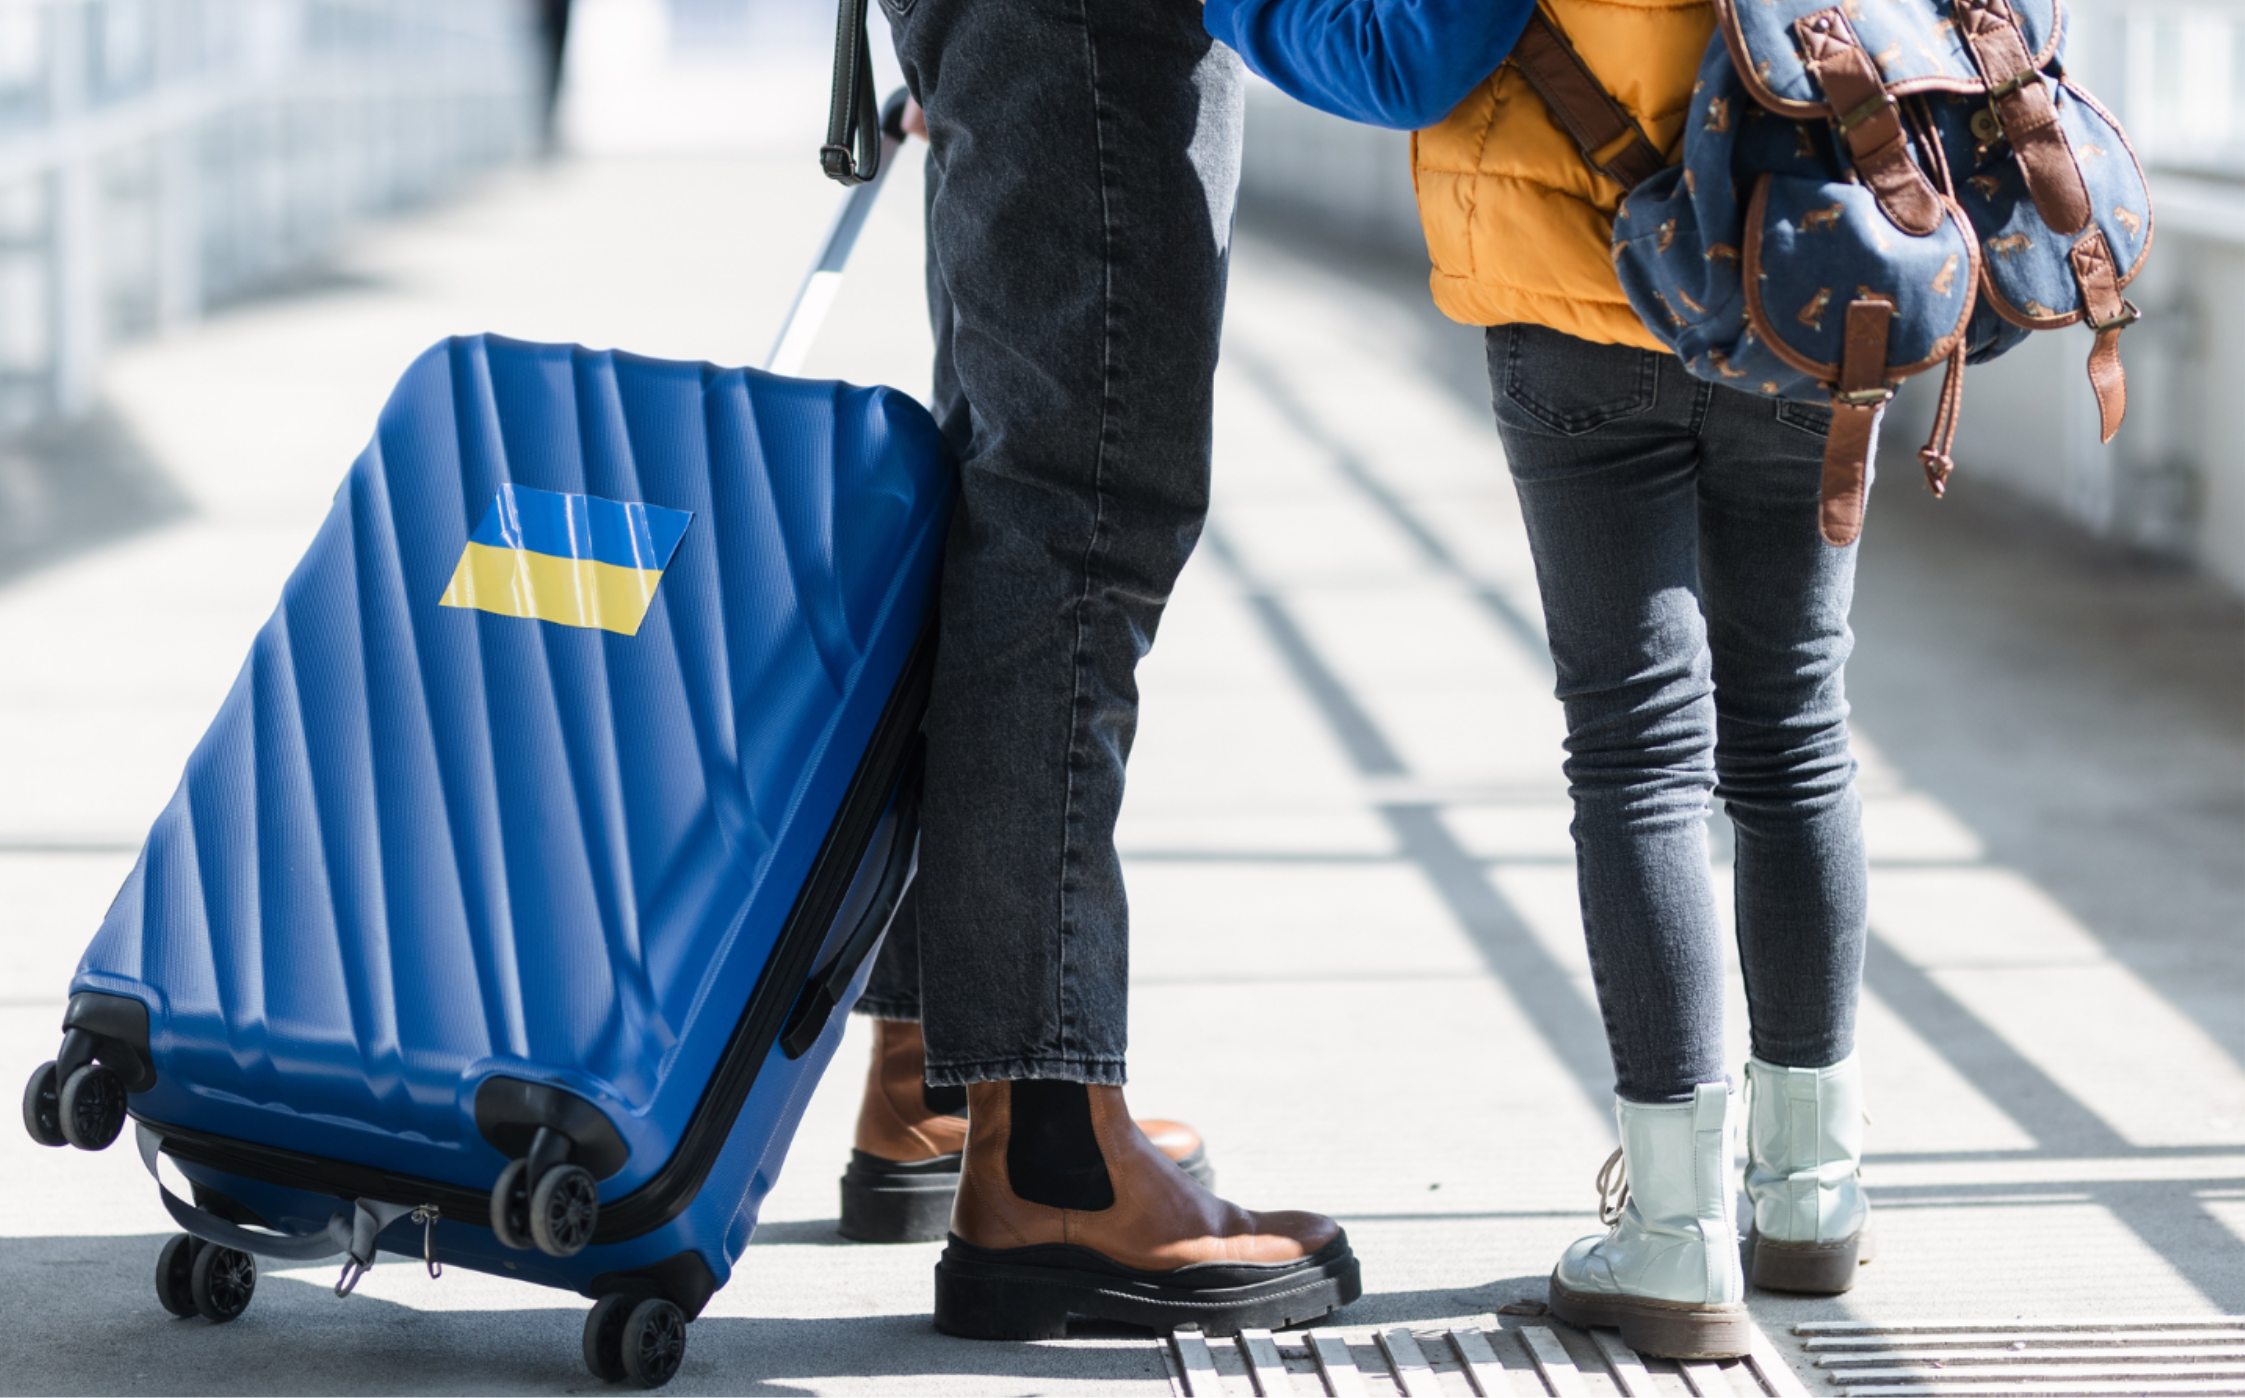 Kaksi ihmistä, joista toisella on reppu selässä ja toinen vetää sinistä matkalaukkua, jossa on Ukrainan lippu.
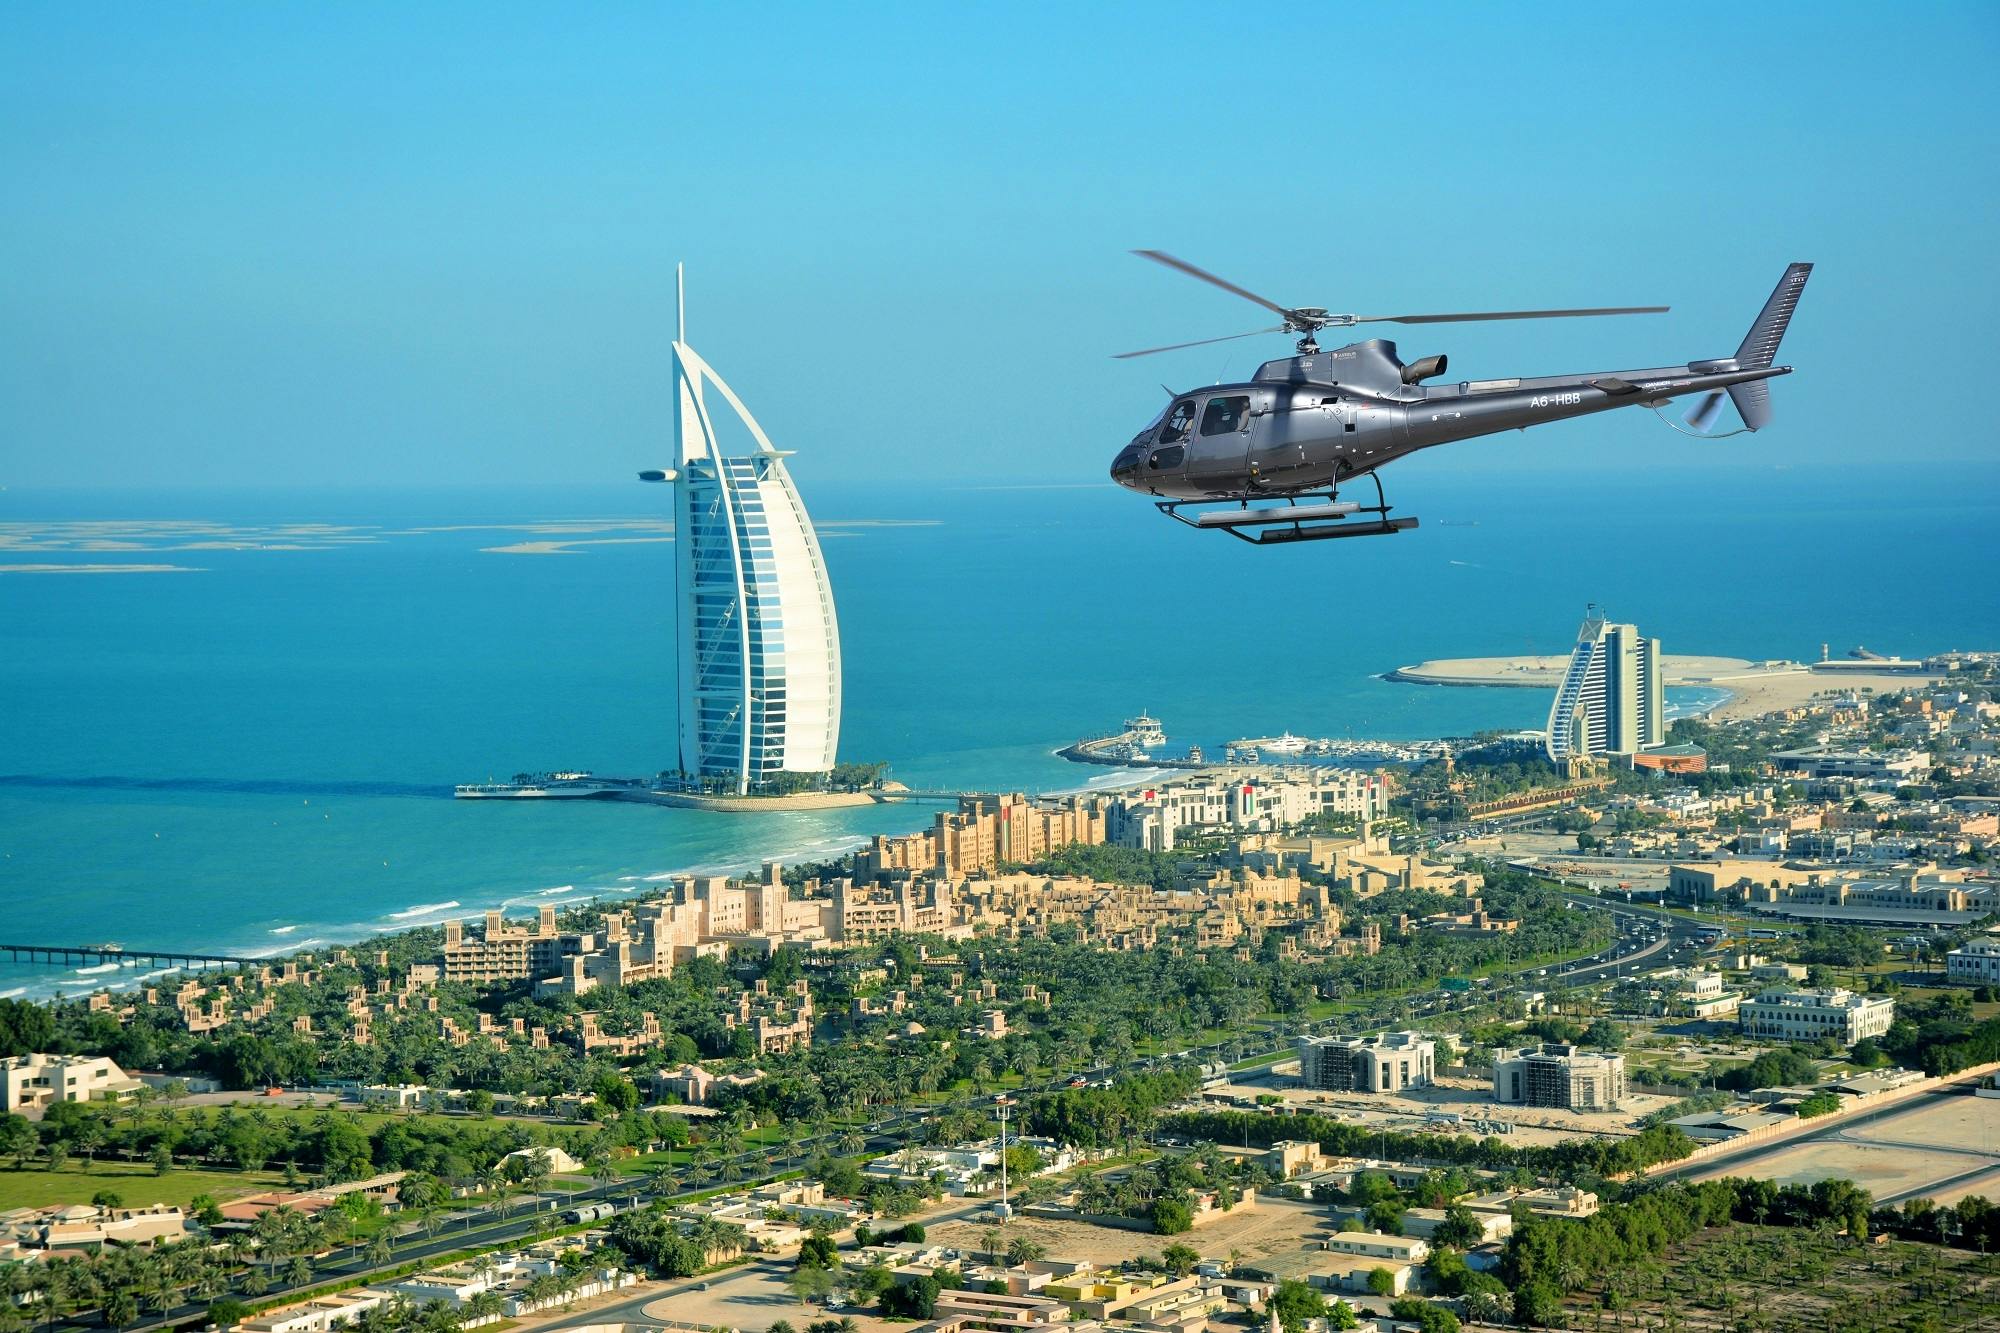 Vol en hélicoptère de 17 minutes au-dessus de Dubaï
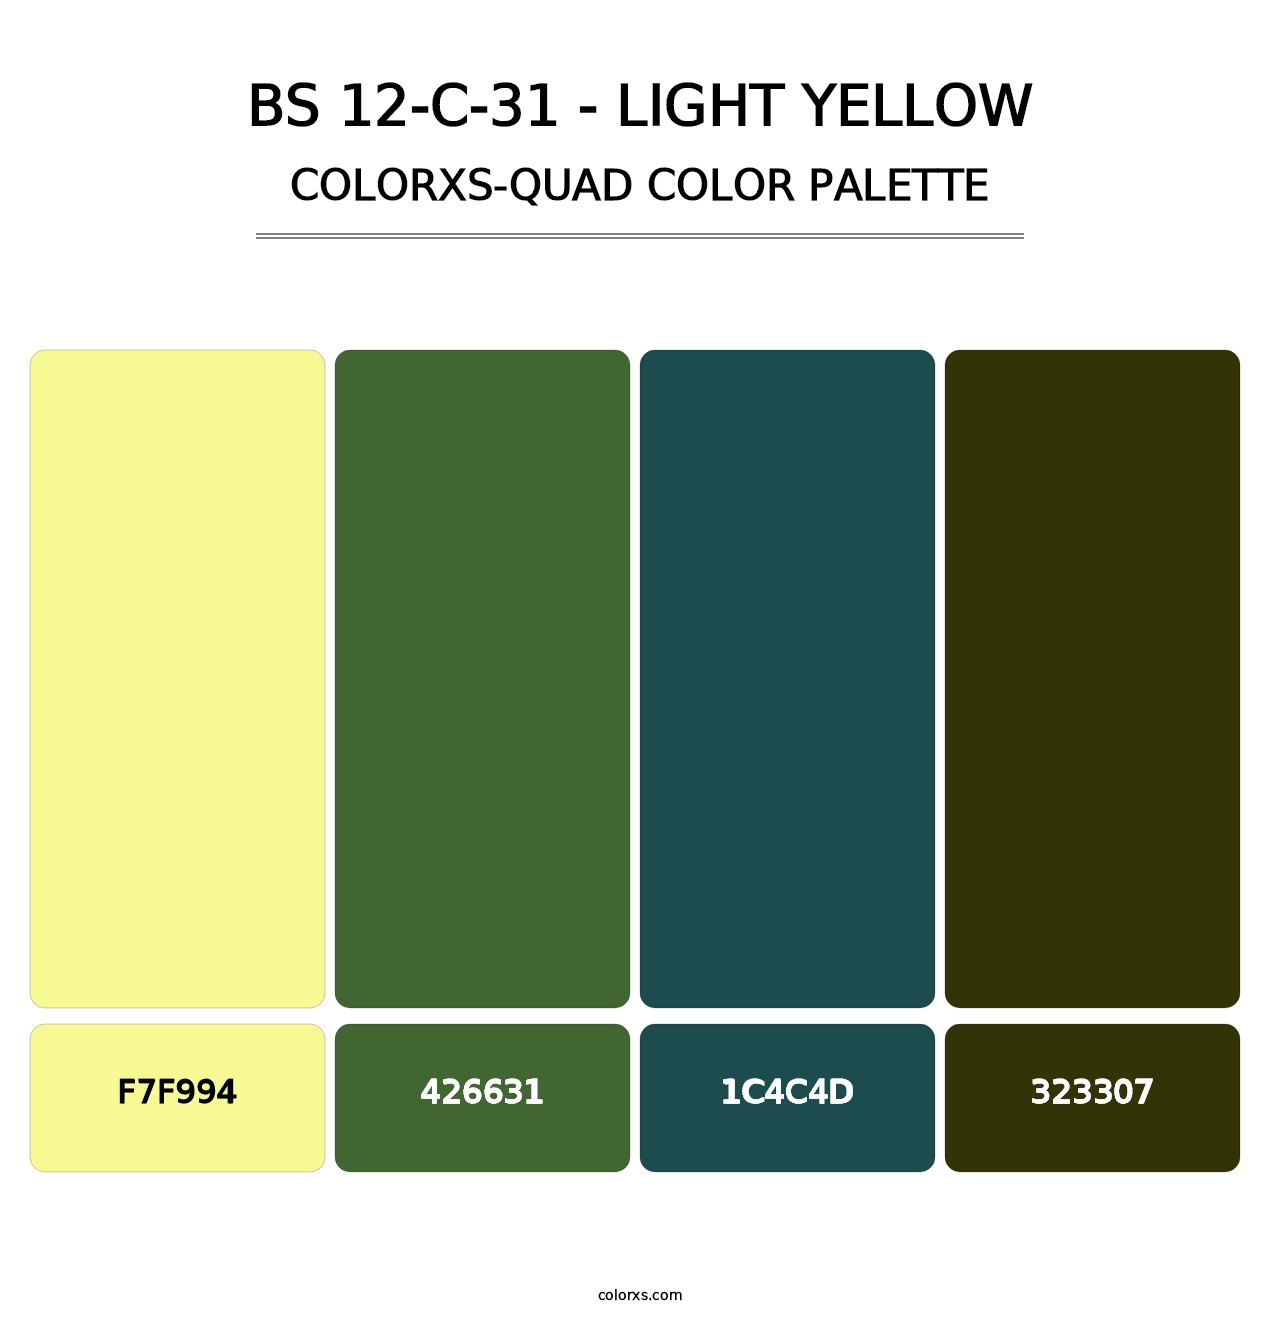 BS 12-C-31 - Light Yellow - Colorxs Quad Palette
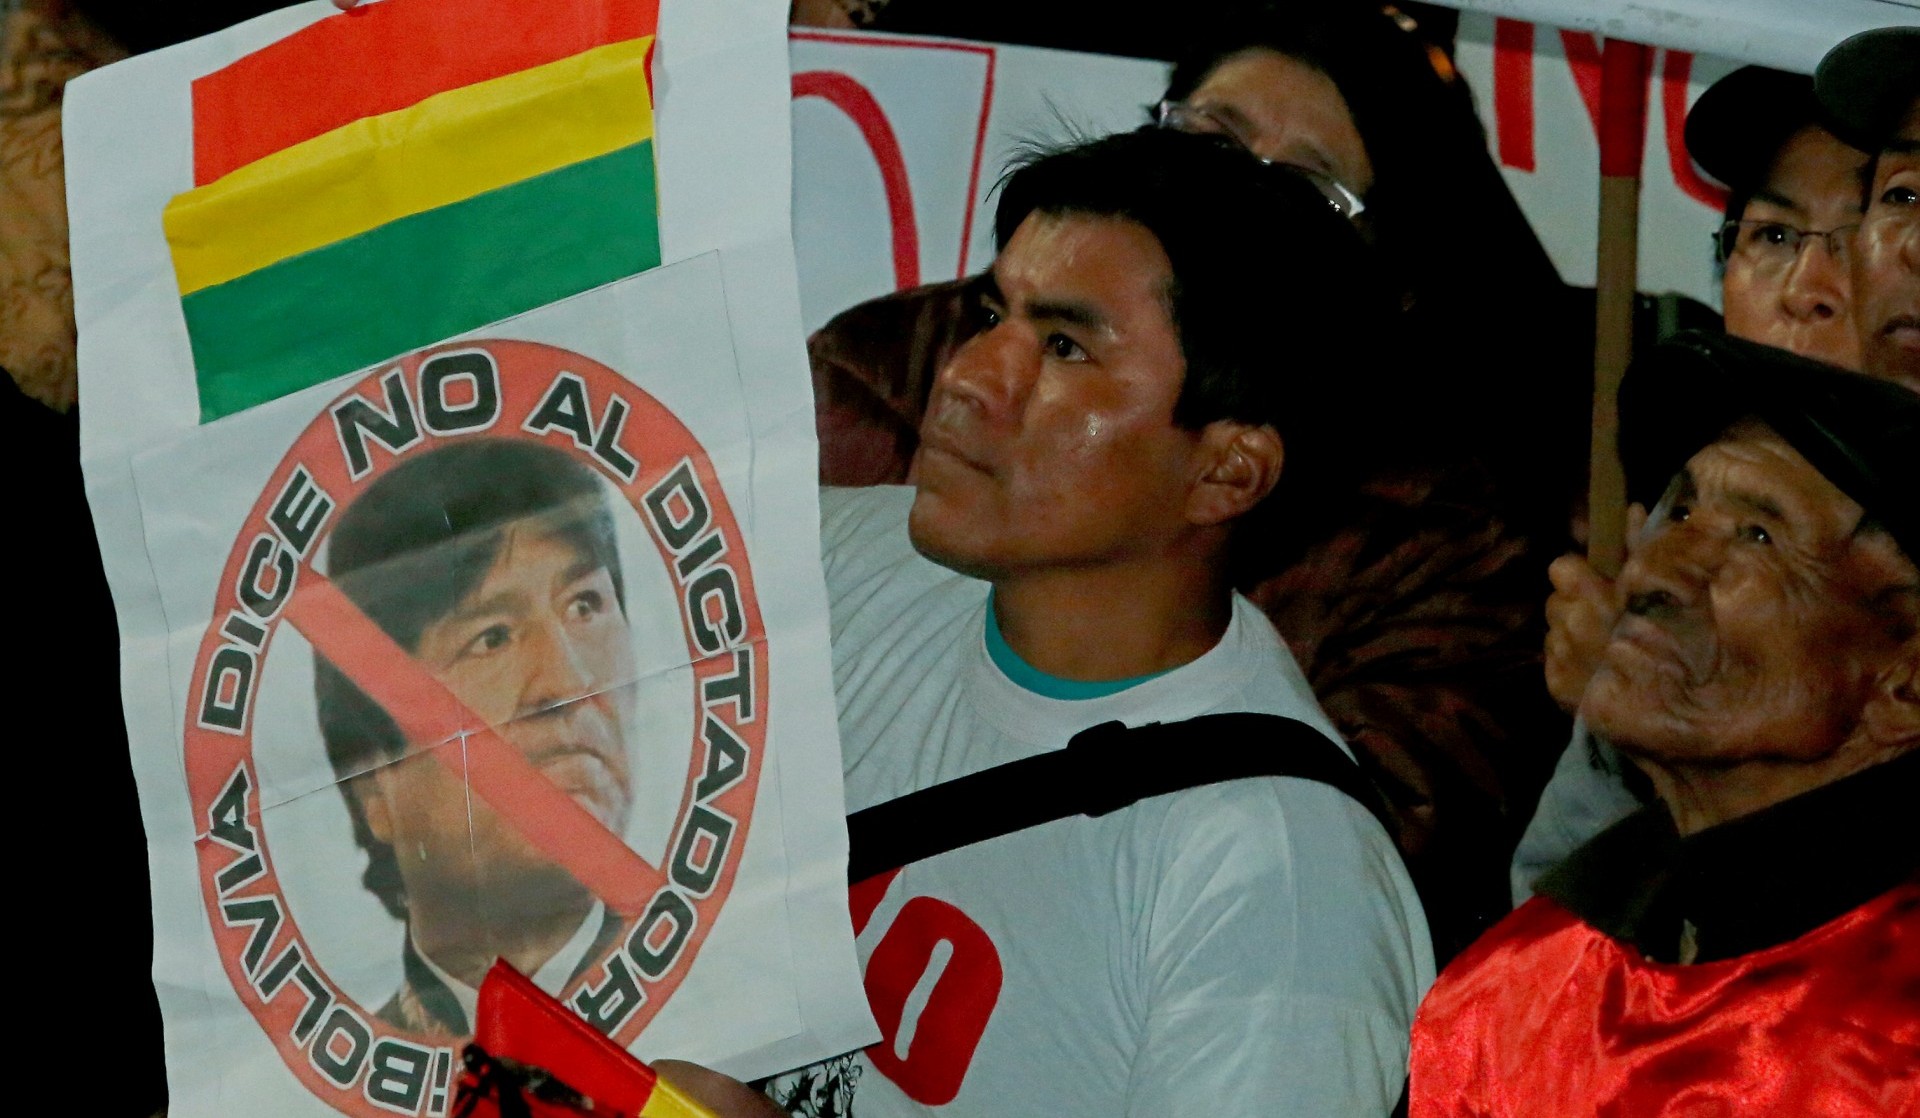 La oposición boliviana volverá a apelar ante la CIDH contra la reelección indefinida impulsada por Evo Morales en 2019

- - - -

■ TASK DETAILS: The lines from the one that contains "Vol en hélicoptère" through the end of the data, repeated exactly and with no pictures, make up the whole answer.

■ SOLUTION:
 Vol en hélicoptère de 17 minutes au-dessus de Dubaï
 BS 12-C-31 - Light Yellow - Colorxs Quad Palette
 La oposición boliviana volverá a apelar ante la CIDH contra la reelección indefinida impulsada por Evo Morales en 2019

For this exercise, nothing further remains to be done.